此間《こないだ》、有楽座に行った時には、此座《ここ》へお宮を連れて来たら、さぞ見素《みす》ぼらしいであろう、と思ったが、此席《ここ》では何うであろうか、と、思いながら、便所に行った時、向側の階下《した》の処から、一寸お宮の方を見ると、色だけは人並より優れて白い。
 その晩、
「吉村という人、それから何うした?」と聞くと、
「矢張りそのまゝいるわ。」と、言う。
「そのまゝッて何処にいるの?」
「何処か、柳島の方にいるとか言っていた。……私、本当に何処かへ行って了うかも知れないよ。」と、萎れたように言う。

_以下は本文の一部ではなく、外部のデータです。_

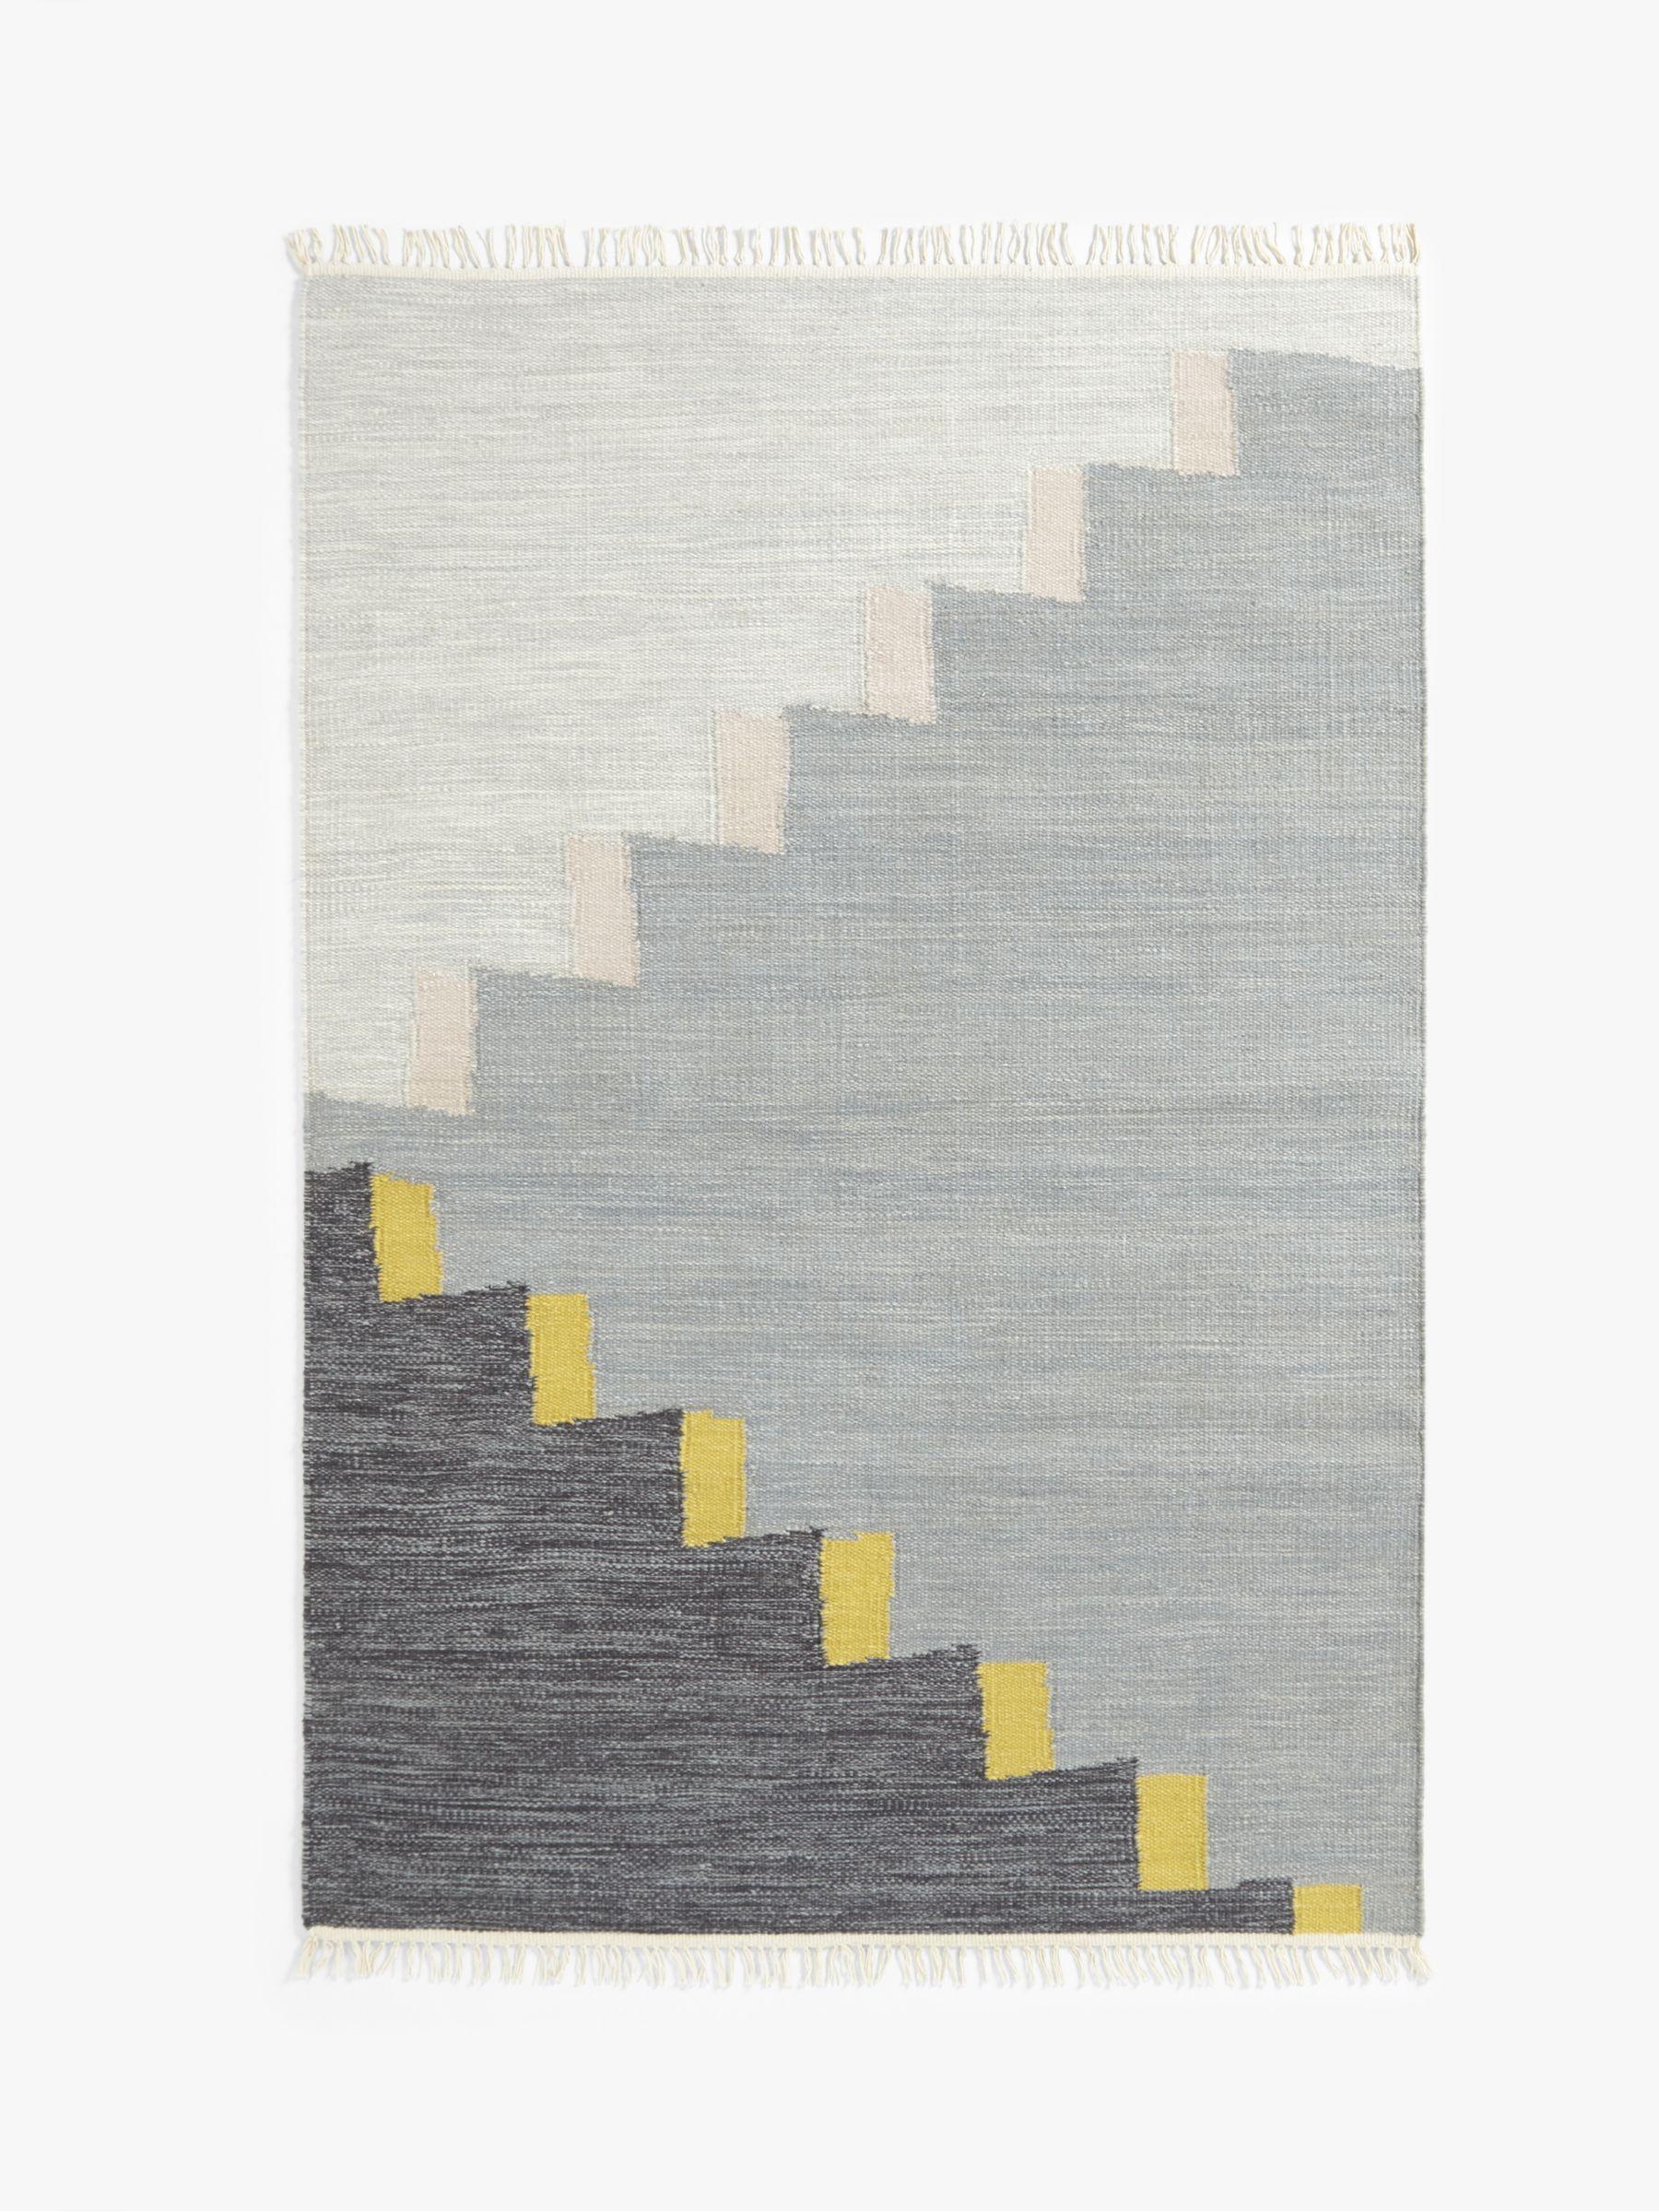 John Lewis Partners Hand Woven Ascent Flatweave Rug Grey

 私は、居るのだと思っていれば、また其様《そん》なことをいう、と思って、はっと落胆しながら、
「君の言うことは、始終《しょっちゅう》変っているねえ。も少し居たら好いじゃないか。」と、私は、斯うしている内に何うか出来るであろうと思って、引留めるように言った。けれども女は、それには答えないで、
「……私また吉村が可哀そうになって了った。……昨日、手紙を読んで私|真個《ほんとう》に泣いたよ。」と、率直に、此の間と打って変って今晩は、染々《しみじみ》と吉村を可哀そうな者に言う。